Directions>
The answer must give back every line of the data exactly, with no pictures.
*** Opening Given data ***
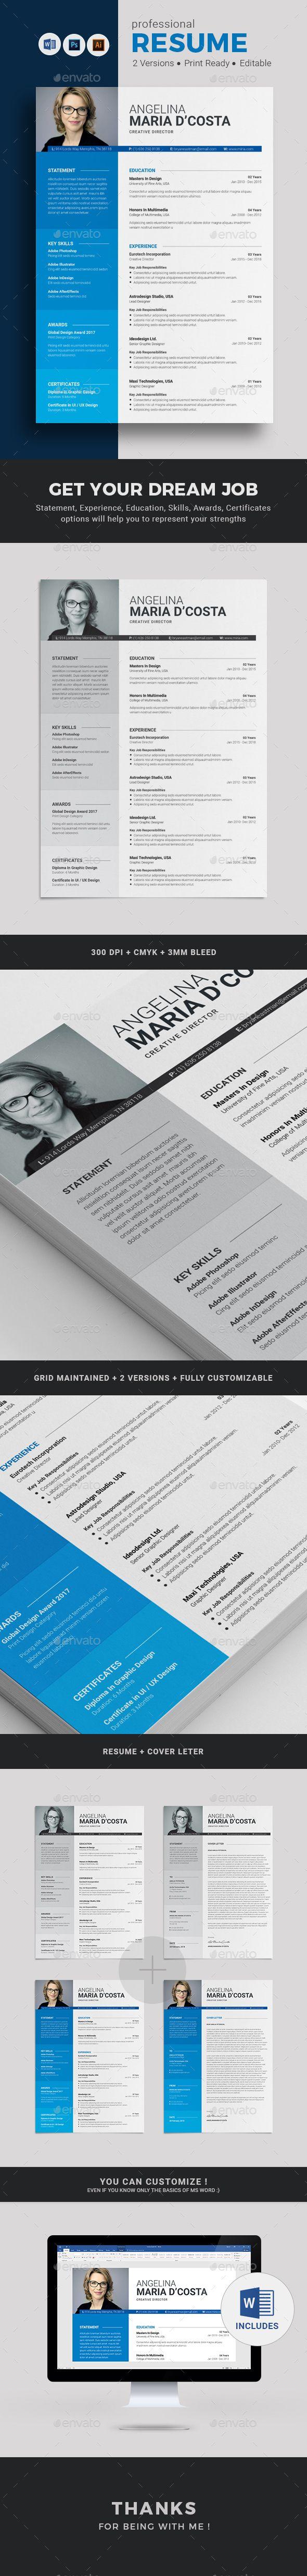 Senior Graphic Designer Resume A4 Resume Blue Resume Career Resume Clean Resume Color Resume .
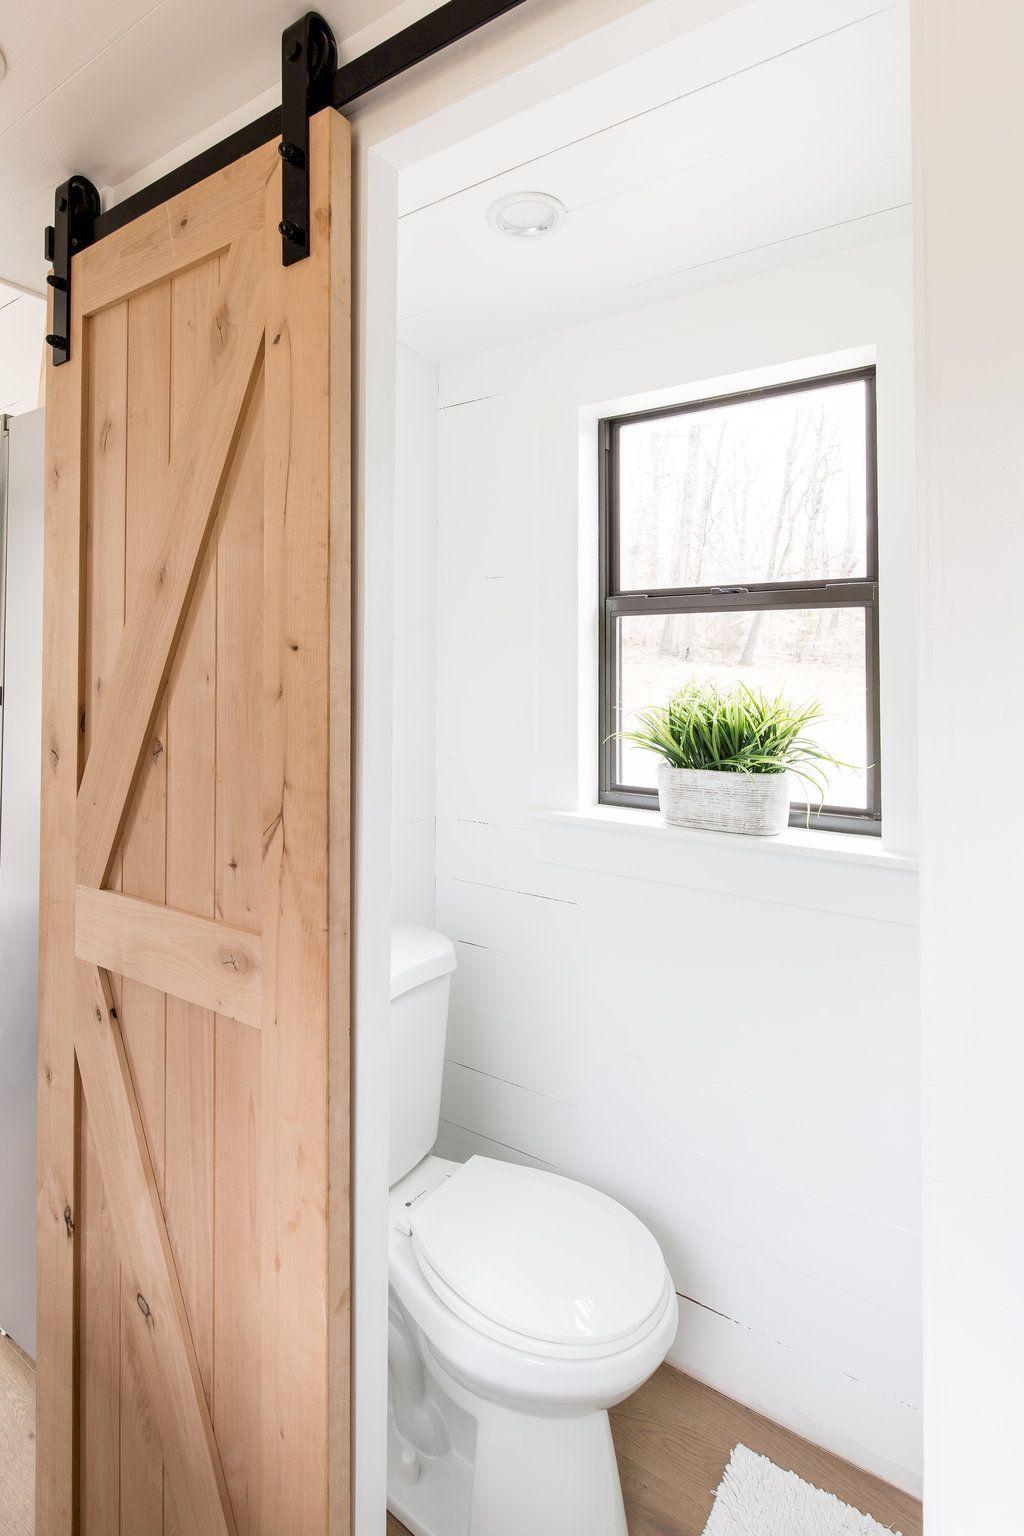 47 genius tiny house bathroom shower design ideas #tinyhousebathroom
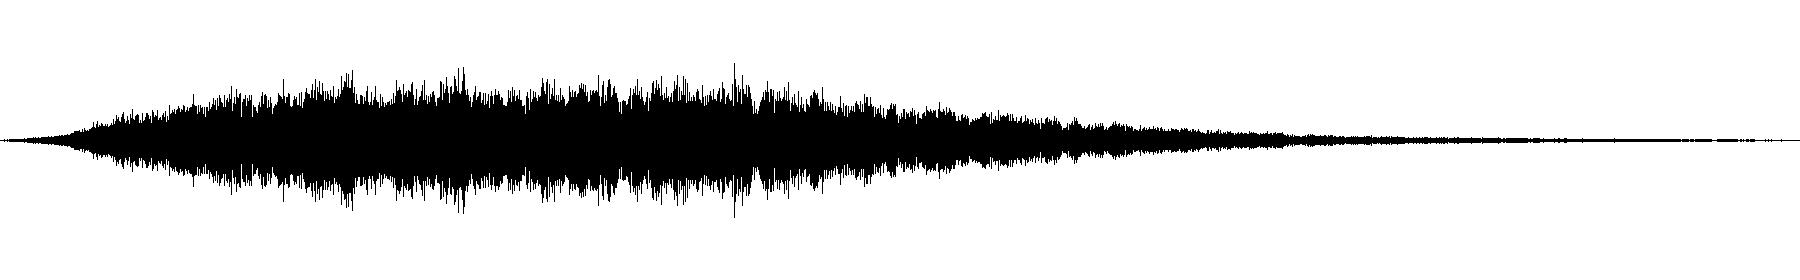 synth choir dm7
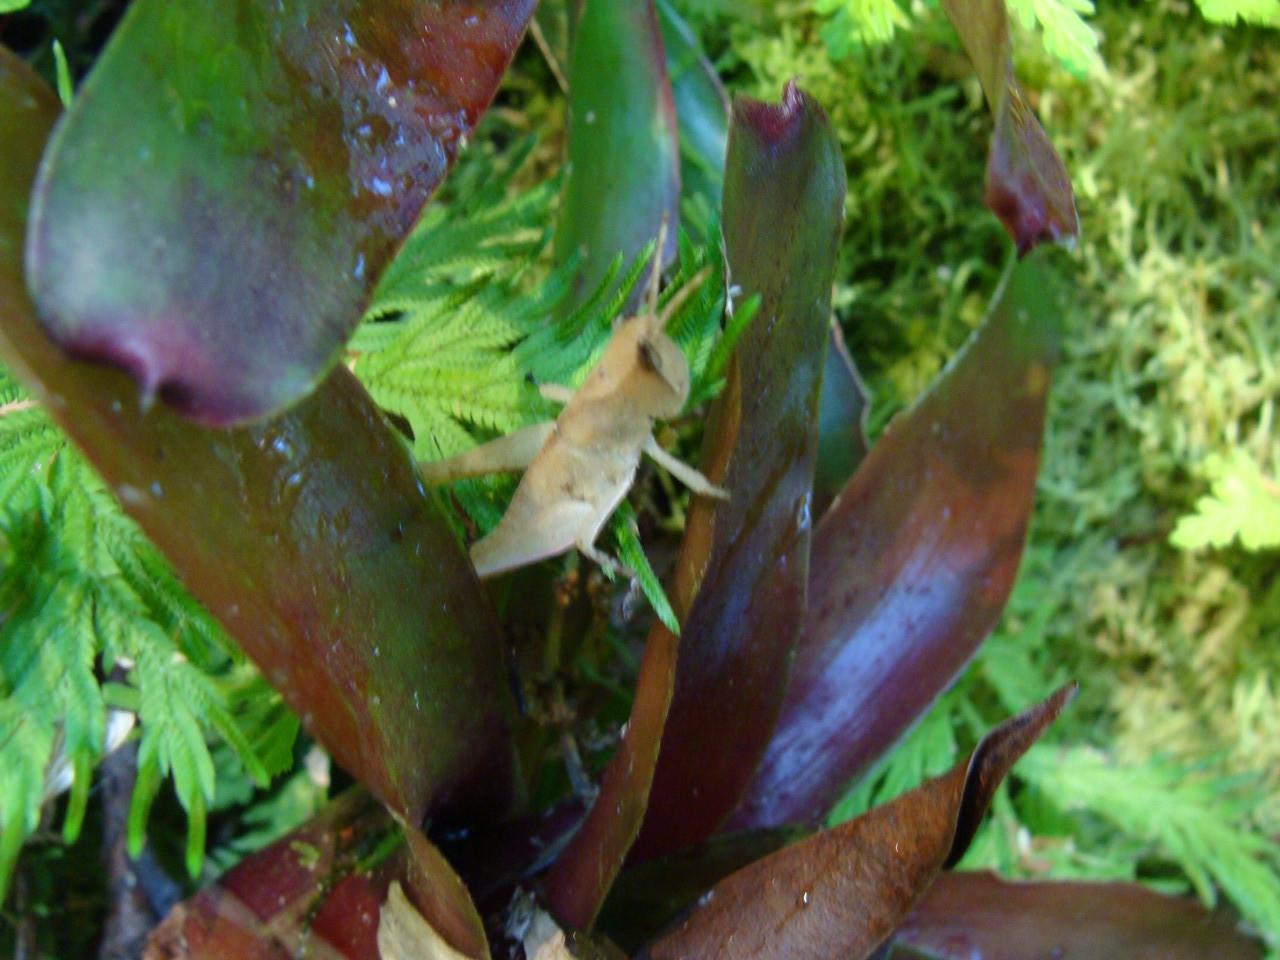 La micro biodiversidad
*** Closing Given data ***
Problem solution>
 Senior Graphic Designer Resume A4 Resume Blue Resume Career Resume Clean Resume Color Resume .
 47 genius tiny house bathroom shower design ideas #tinyhousebathroom
 synth choir dm7
 La micro biodiversidad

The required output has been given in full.